The Case for Electing Conservative Leadership in Fairbanks

The terms “partisan” and “non-partisan” are being thrown around a lot lately. Let’s talk about what it really means and other tactics that progressives use. The local government bodies are called non-partisan because, when an election is held, they do not have party affiliation listed on the ballot next to each candidate. Local governments save a lot of money this way because they don’t need to have a primary election.

Non-partisan doesn’t mean that the candidates don’t have a party or, as some like to imply the phrase means, that they are “neutral” and unbiased and always clearly in the center. This is actually not true of any candidate, as all have their principles and beliefs, and, in fact, that is what the voters are really voting on in a representative republic. The idea is that the candidates communicate what they believe and the principles that guide their political decisions, usually on some specific relevant issues, so that the voters can determine if they will handle their duties as they would like them to. It’s pretty important for it to work this way since you don’t usually know ahead of time what issues they will be voting on, so it lets you know what to expect.

What we usually see here locally are the conservatives, like myself, letting people know that they are standing on conservative principles like limited government, the protection of property rights, and keeping government from making mandates on issues where decisions should be made by the individuals, families or churches. The progressives, on the other hand, seem to use the term non-partisan to hide their principles, probably because they know that their agendas of constantly increasing taxes, frequently restricting property rights, and their love of government mandates don’t play well in a conservative area like ours.
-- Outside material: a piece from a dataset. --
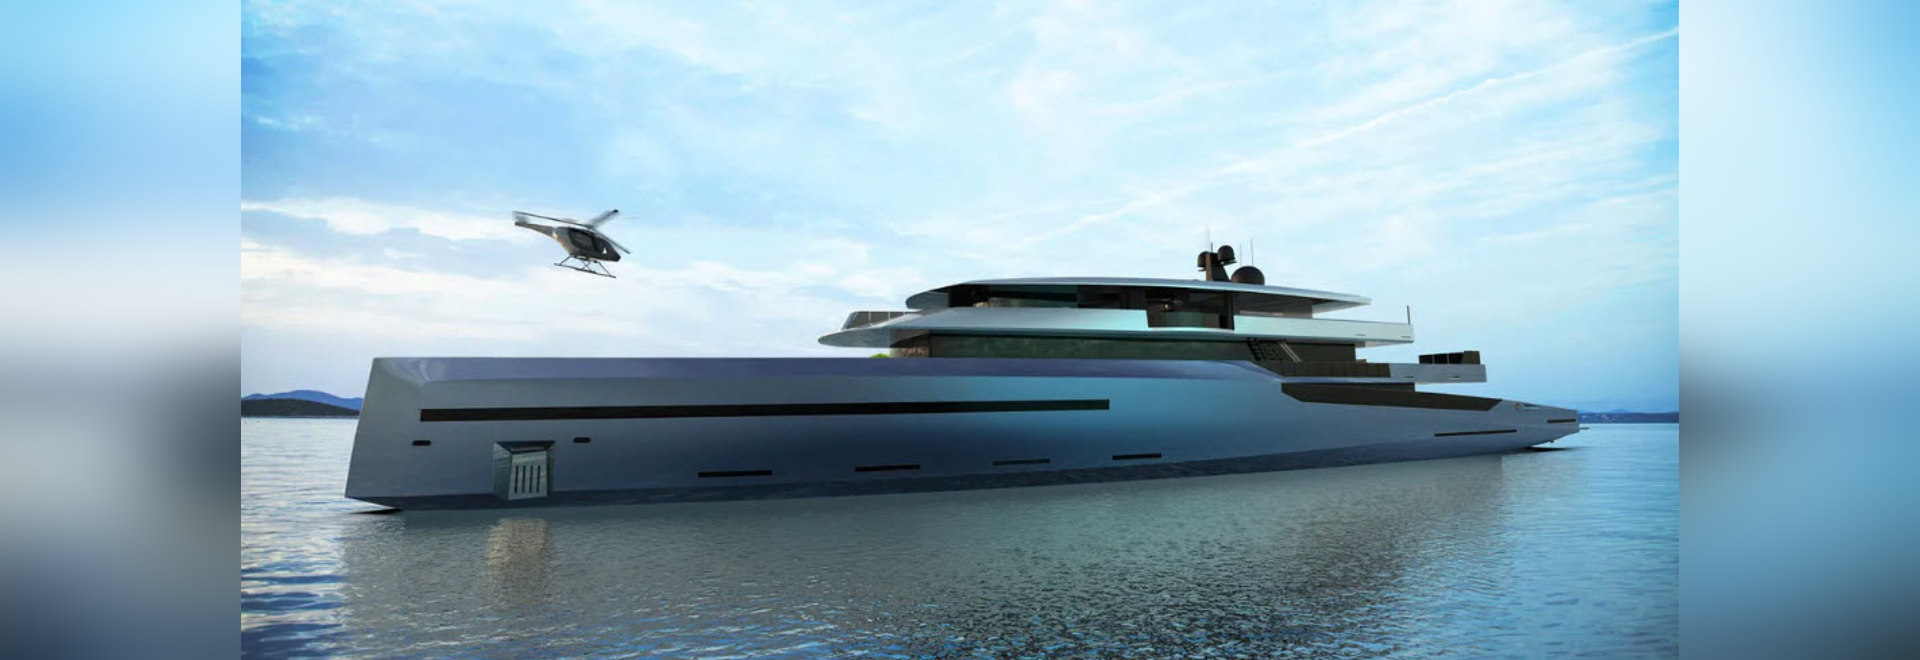 BYD Group Reveals 75 Metre Superyacht Concept Bravo 75

Another example of deceptive phraseology is when someone says they support the tax cap. The tax cap is important because it prevents a spike in government growth in a particular year. It’s not designed to protect against the constant increase in taxation that we’ve seen in Fairbanks, where the records show the budget increasing more than the cost of living almost every year. You need to listen to all that the candidates say to really see what their plans are. If they only talk of all the good things we can have, without mentioning the cost, then watch out; a large tax increase is headed your way. Another way you can really see what people stand for is to look at their donor lists. By and large, conservatives get money from conservatives, and progressives get money from progressives.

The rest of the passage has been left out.